# Homework Help: Work done by gravity on a object on an inclined plane

1. Jan 9, 2010

### hyuen9195

1. The problem statement, all variables and given/known data
A 11.0 kg crate is pulled up a rough incline with an initial speed of 1.3 m/s. The pulling
force is 121.0 N parallel to the incline, which makes an angle of 12.6◦ with the horizontal.
The coefficient of kinetic friction is 0.31 and the crate is pulled a distance of 8.0 m.
The acceleration of gravity is 9.81 m/s^2 .
2. Relevant equations
a) Find the work done by Earth’s gravity
on the crate. Answer in units of J.
3. The attempt at a solution
Fnormal=m*g*costheta
Fnormal=105.3111778N
Fnormal* coefficient of friction=Ffriction
Ffriction=32.64646511N
Fapplied-Ffriction=Fnet
Fnet=88.35353489N
Work=N*m
Work=706.8282791N*m
-(Work*sin12.6)=W done by gravity
Work done by gravity is 154.1898119N*m
I think I did it right, but the computer marked me wrong. Can anyone explained this?

2. Jan 9, 2010

### pgardn

What did you calculate the force of gravity is that is parallel to the displacement up the plane?

3. Jan 9, 2010

### hyuen9195

The displacement is parallel to the plane. If thats what you are asking

4. Jan 9, 2010

### vela

Staff Emeritus
Your last step is incorrect. I'm not sure what you're trying to do there. Can you explain your thinking?

5. Jan 9, 2010

### hyuen9195

a) Find the work done by Earth’s gravity on the crate. Answer in units of J.
I think you have to find the work done on the block parallel to the plane, then find the y component of the work

6. Jan 9, 2010

### pgardn

Work is Force x displacement said very simply.

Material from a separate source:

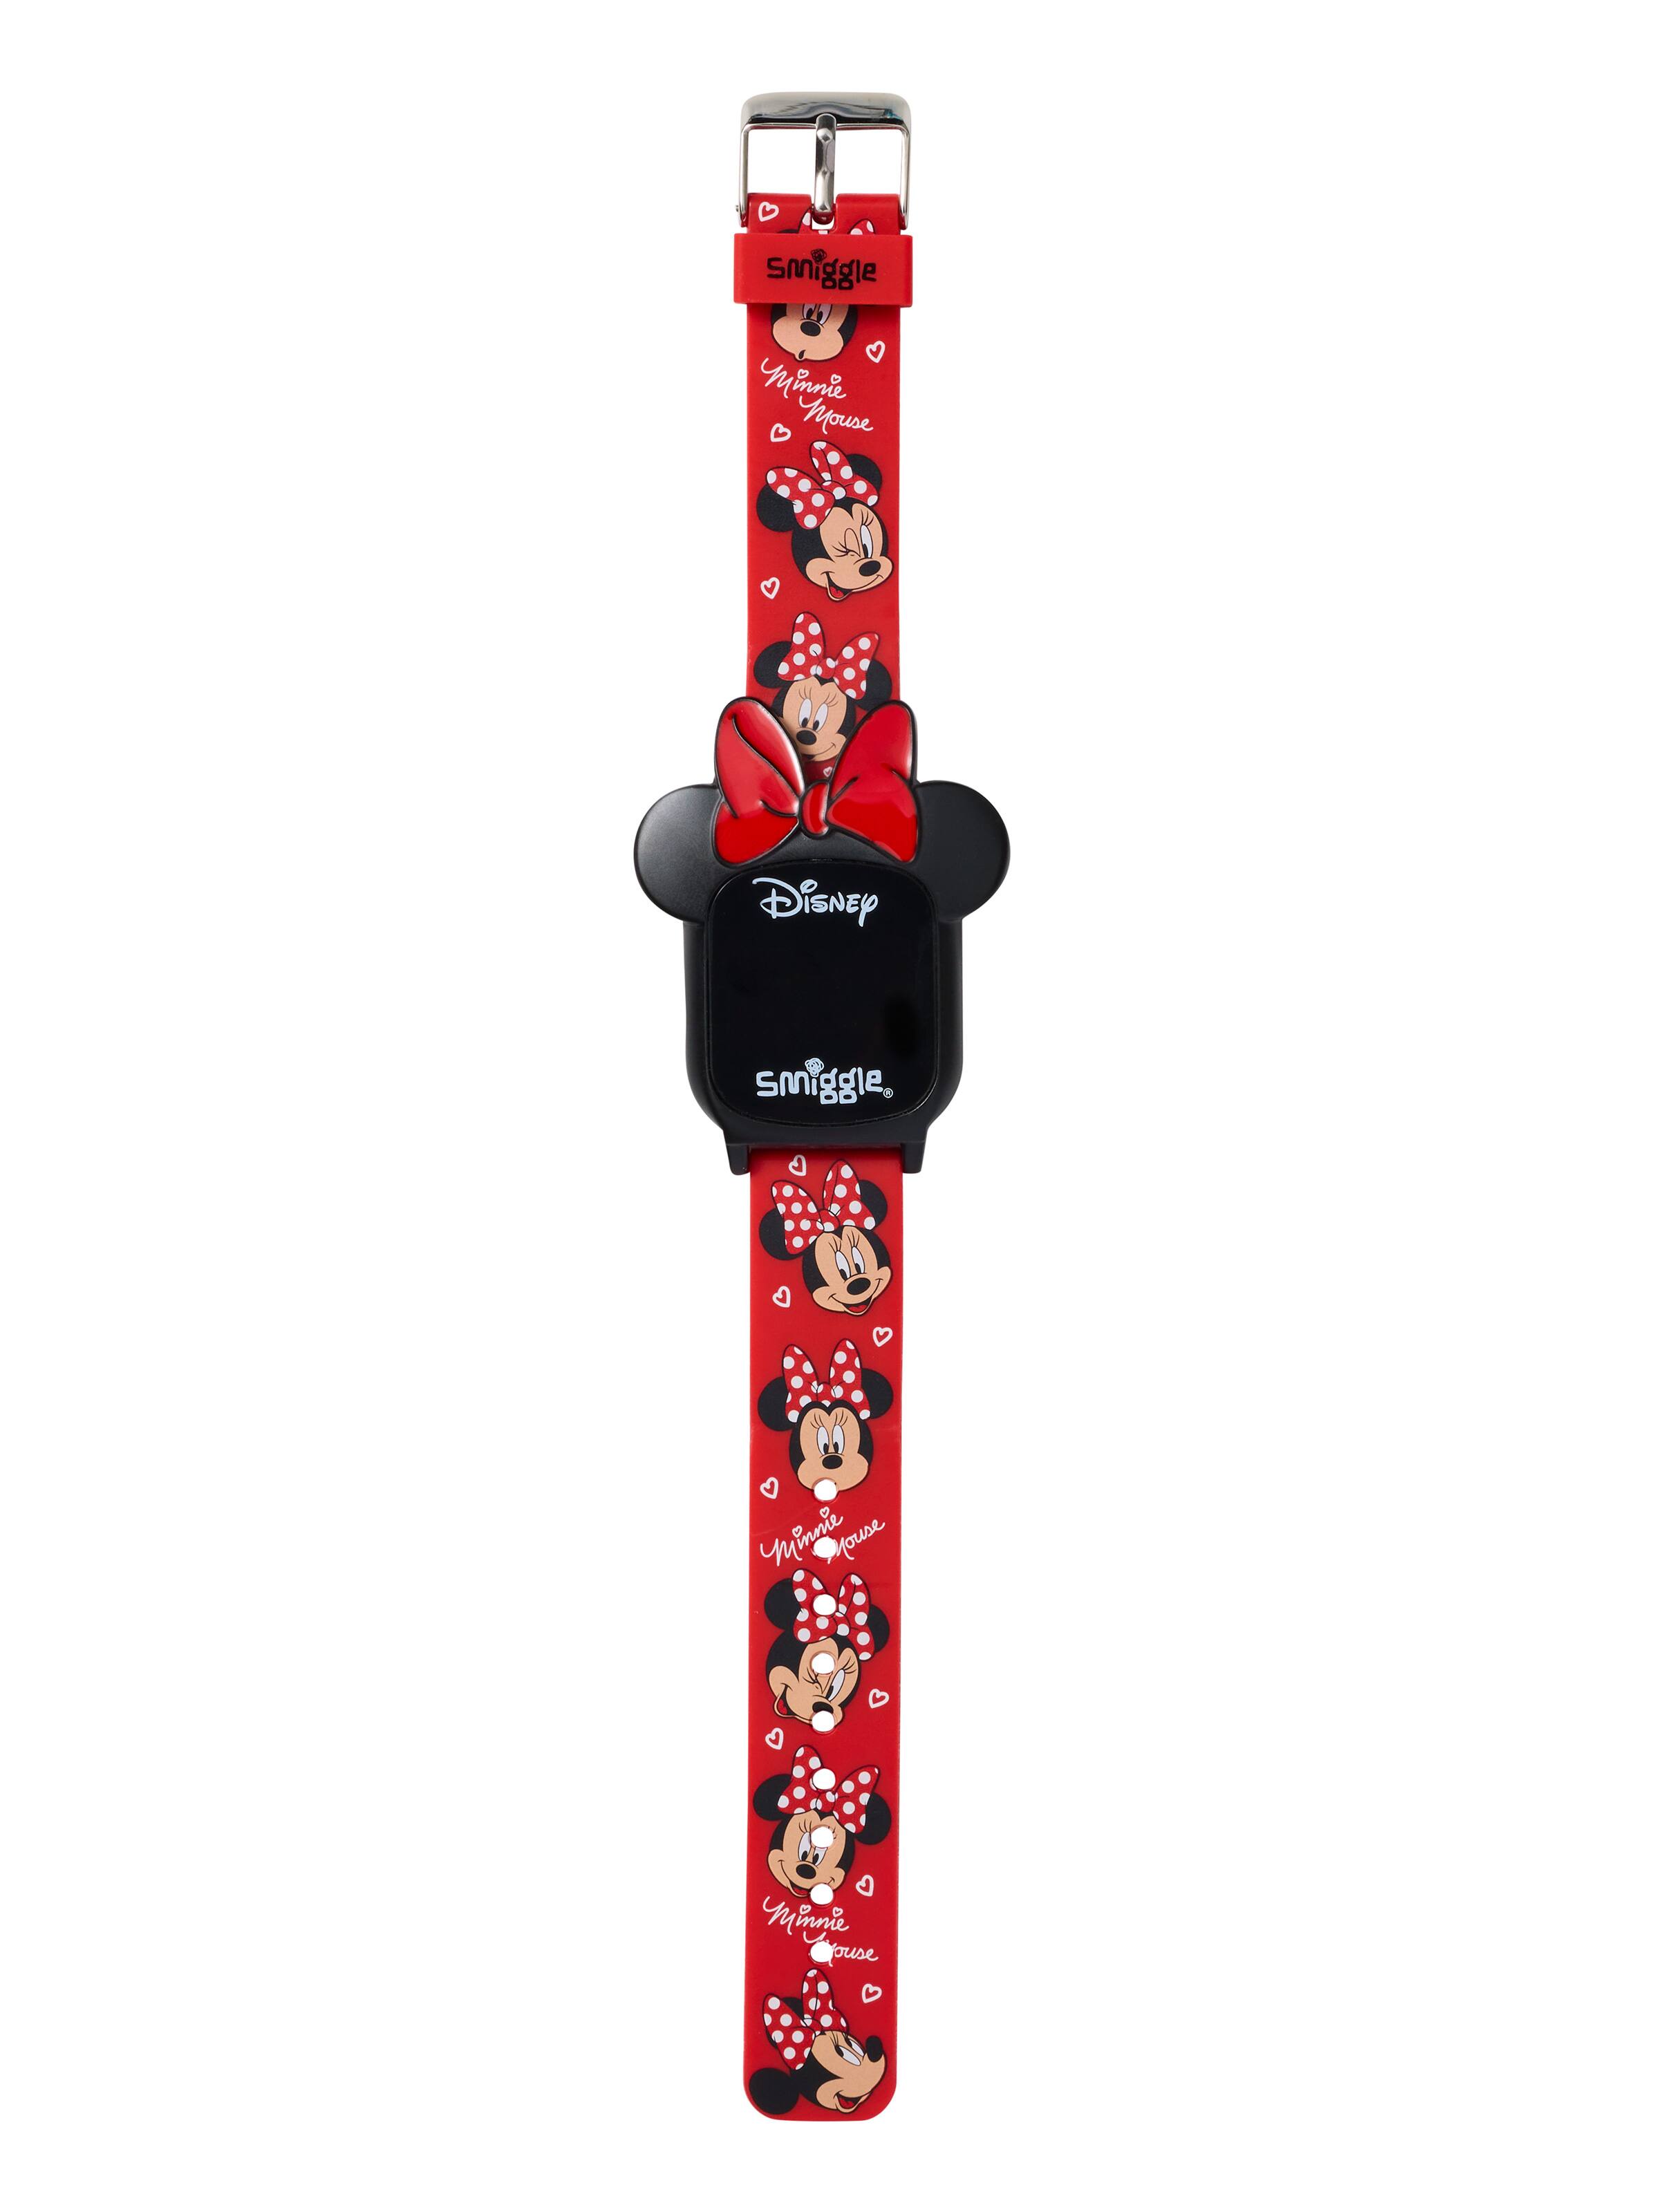 Disney Minnie Mouse Bluetooth Earbuds with Charging Case- Bluetooth  Wireless Headset with Built-in Mic and 30 Hours of Playtime- Disneyland  Essentials and Disney Gifts for Women and Men of All Ages

So the displacement is 8 m up and parallel the plane. All you need is the force due to gravity that is also parallel to the plane, thus also parallel to the displacement. What is the force due to gravity that is parallel to the displacement?And then, is it in the same direction as the displacement (+) work, or is it in the opposite direction as the displacement, (-) work.

7. Jan 9, 2010

### vela

Staff Emeritus
Work is a scalar quantity, not a vector. It doesn't have a y-component. You'll need a different approach. Hint: The work done by gravity is the work done by only the force of gravity. You don't need to consider any of the other forces to calculate it.

When I said earlier that your steps were correct, I didn't mean to imply that they would all be necessarily useful in trying to calculate the work done by gravity, just that you didn't make any physics mistakes in deriving them.

8. Jan 10, 2010

### hyuen9195

a) Find the work done by Earth’s gravity on the crate.
Weight*Distance sine theta=Work done by the gravity

b) Find the work done by the force of friction on the crate.
Weight*Distance cos theta*coefficient=Work done by the force of gravity

c) Find the work done by the puller on the crate.
Applied Force *Distance=Work done by the puller on the crate

d) Find the change in kinetic energy of the crate.

e) Find the speed of the crate after it is pulled 8.0 m.
The square root of [((2*Answer to d/Mass)+Vi^2)]

I finally figured c out and ask my classmate for the others

Last edited: Jan 10, 2010
9. Jan 10, 2010

### vela

Staff Emeritus
You should have negative answers for (a) and (b).

10. Jun 3, 2010

### hyuen9195

For part d, it's Answer to c-(Answer to b+Answer to a)=The change in kinetic energy of the crate

11. Feb 28, 2011

### Rayquesto

I believe that the amount of work done by gravity is equal to the potential gravitational energy. Therefor, if you find the height as it goes up a 8 meter incline, then you can also find the work using mgh (meters times gravitational acceleration times height). so I think the answer is 188 J, since sin12.5=height/8 where height is 1.745 meters, g=9.81m/s^2, and 11kg=mass. multiply them and you get the amount of joules it applied which should be 188 J. Well, then again if we consider the chnage in potential energy we can safely assume that the initial potential energy is 0. so, 188 j still holds true.